Dundon and Moak agreed that developing a more "user-friendly" method by which clinicians could decide if an individual under evaluation were either a Type A or B alcoholic before they enter treatment is an important area for further research.
"I think our study clearly suggests that there may be ways to subtype alcoholics, and that these different subgroups of alcoholics may respond differently to the same treatment," said Dundon. "Numerous classification schemes have been proposed to differentiate types of alcoholics. Our study supports the usefulness of the Babor Type A and Type B classification system. If we can identify subgroups that may have different post-treatment outcomes, then clinicians may be able to make more precise ongoing treatment recommendations and better allocate limited resources."
Dundon added that this is a fruitful time for developments in alcohol-treatment research. "The most promising areas," he said, "focus on the combinations of medicines and psychotherapies to treat alcohol dependence and other drug dependencies."
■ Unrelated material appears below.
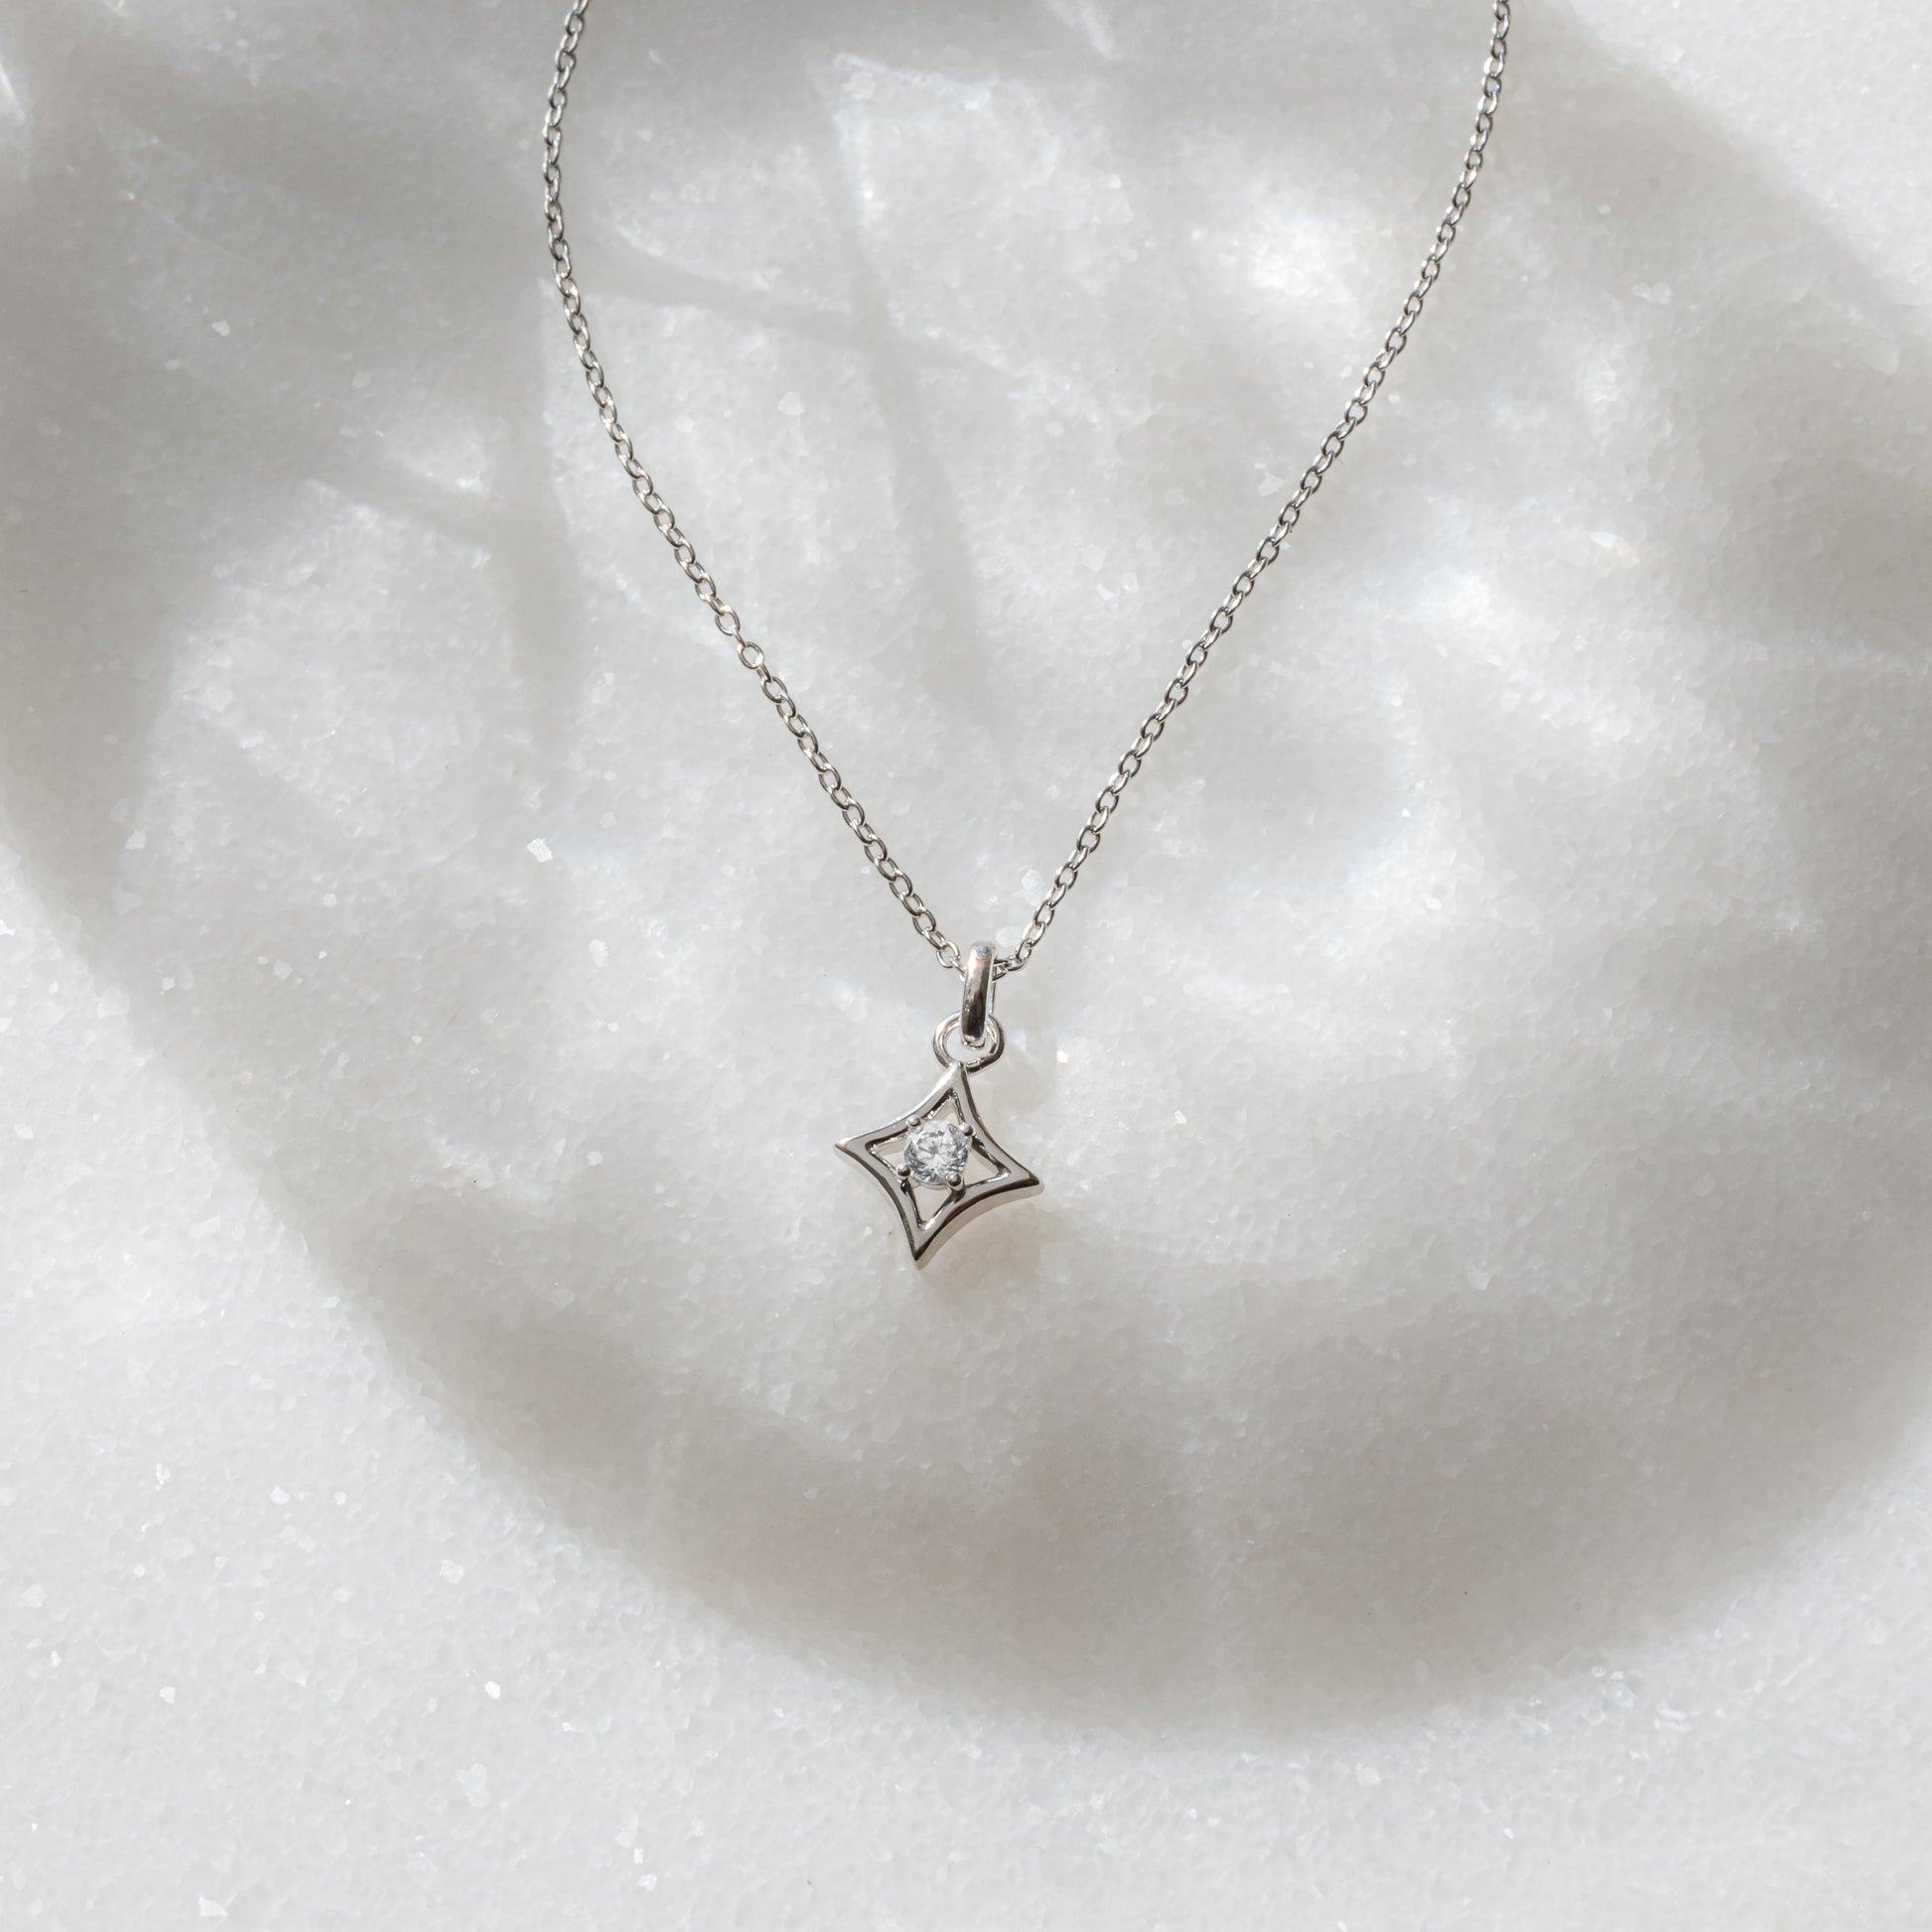 silver delicate layering pendant necklace
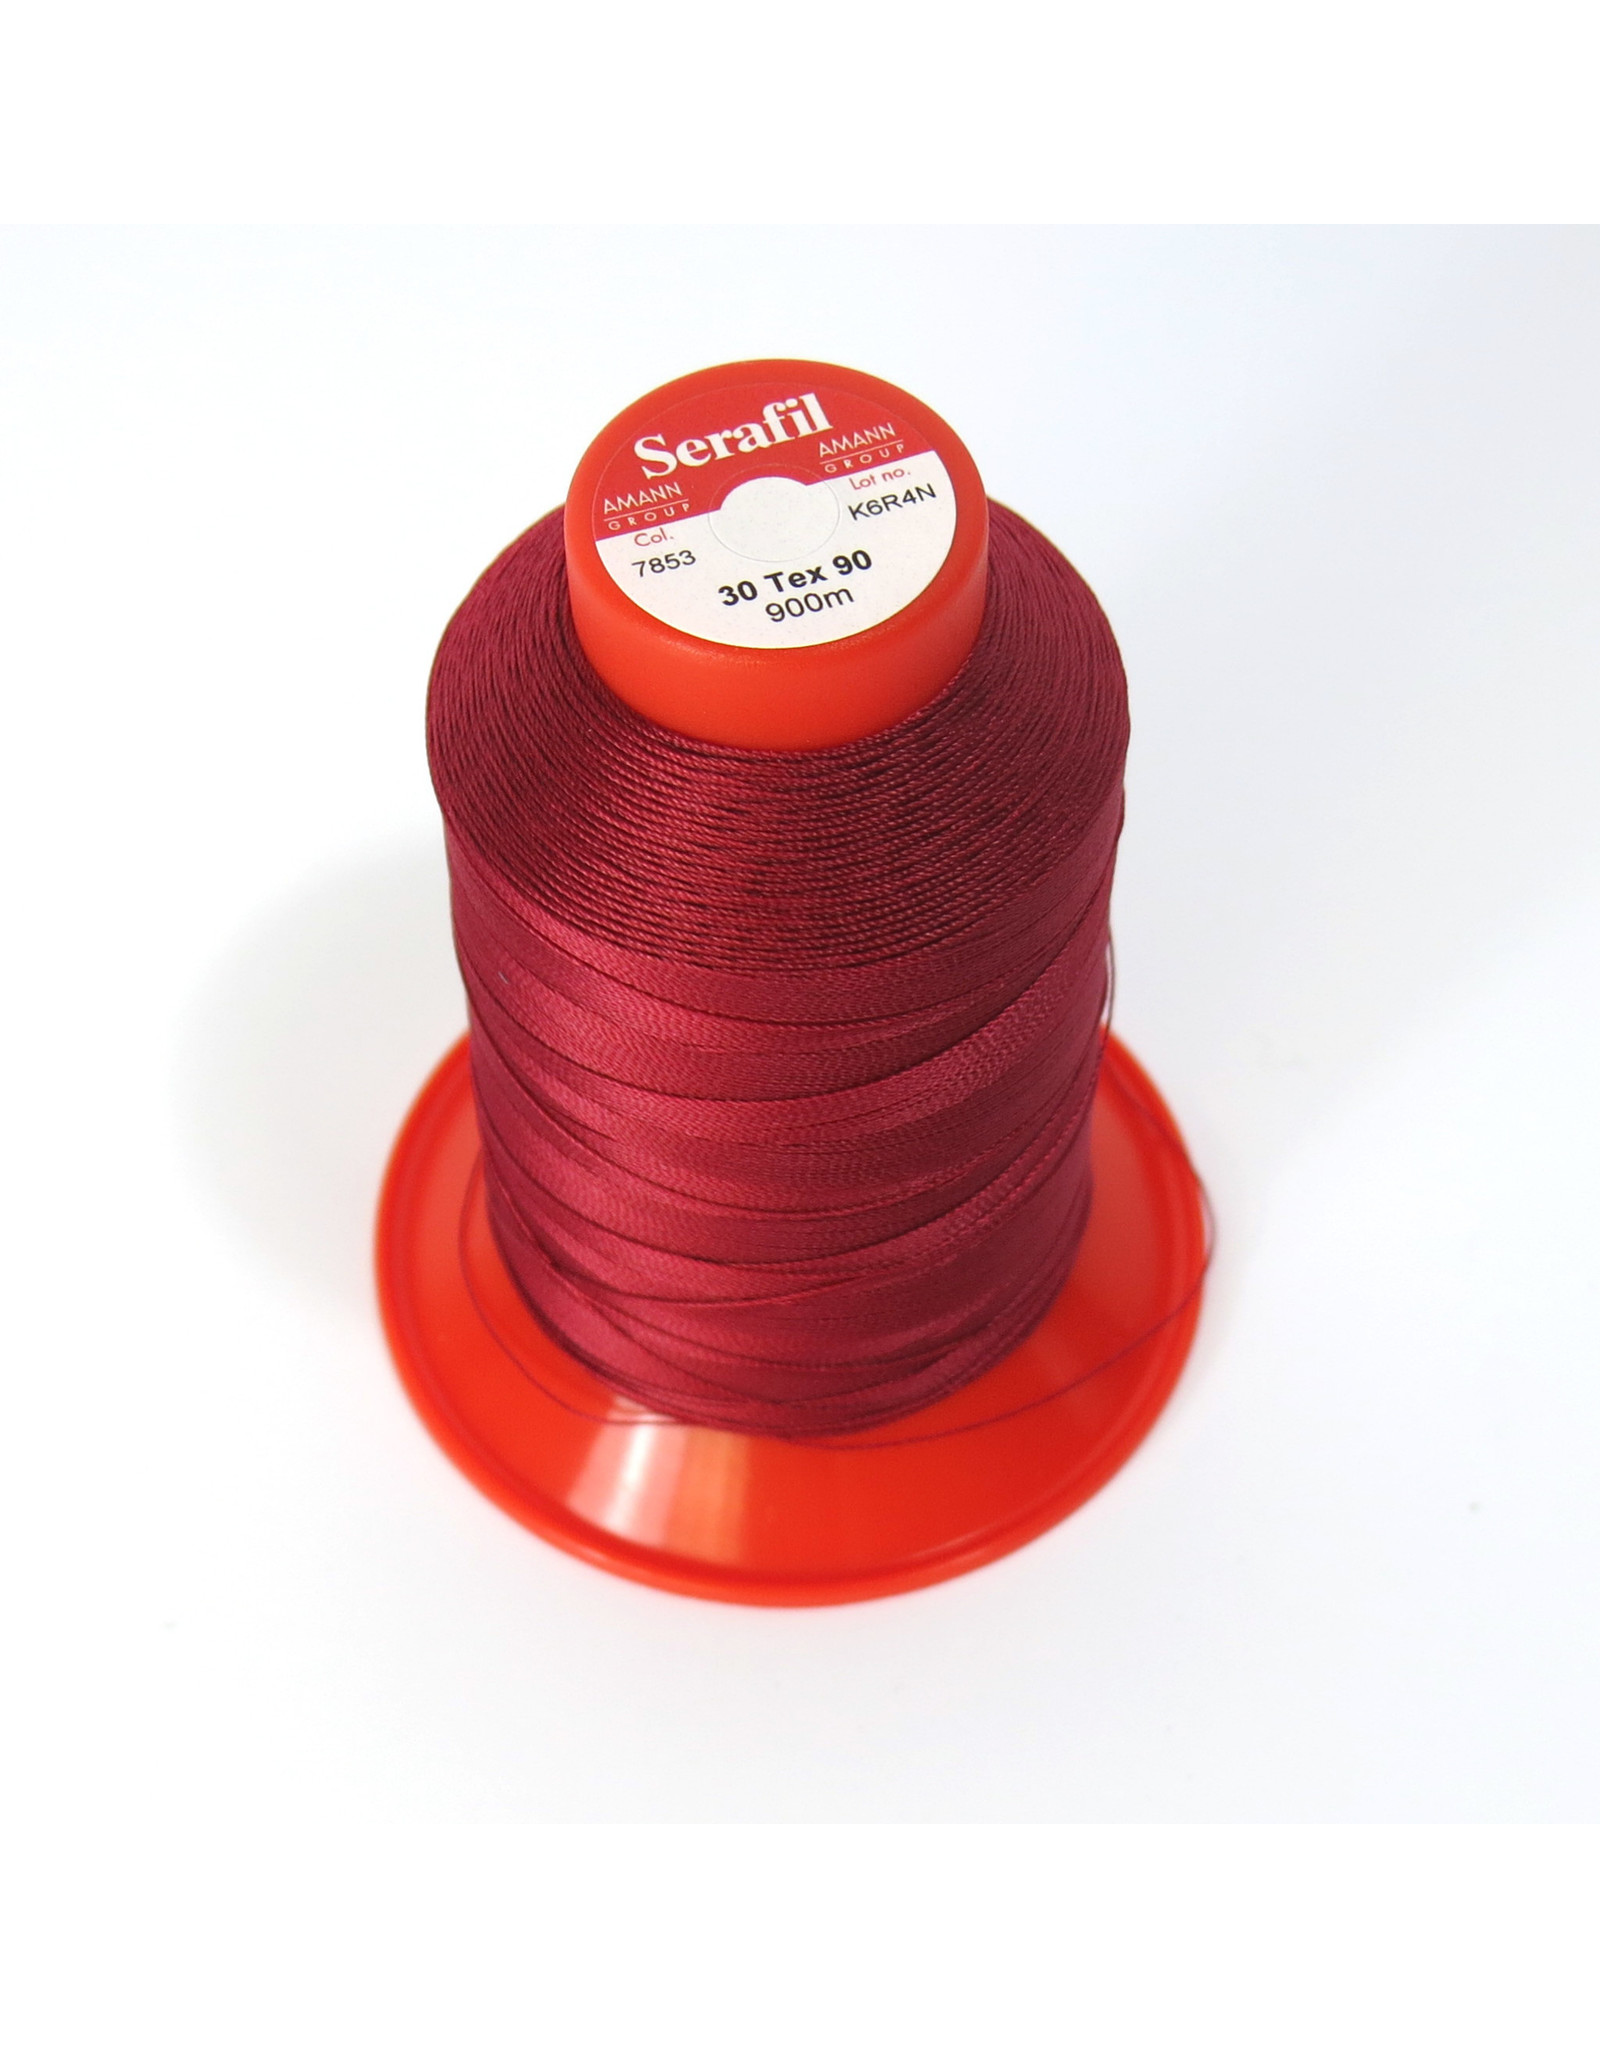 Serafil machine sewing threads 7853

Alcoholism: Clinical & Experimental Research (ACER) is the official journal of the Research Society on Alcoholism and the International Society for Biomedical Research on Alcoholism. Co-authors of the ACER paper, "Treatment outcomes in Type A and B alcohol dependence six months after serotonergic pharmacotherapy," were Kevin G. Lynch, Helen M. Pettinati, and Craig Lipkin of the Center for the Studies of Addiction in the Department of Psychiatry at the University of Pennsylvania School of Medicine. The study was funded by the National Institute on Alcohol Abuse and Alcoholism.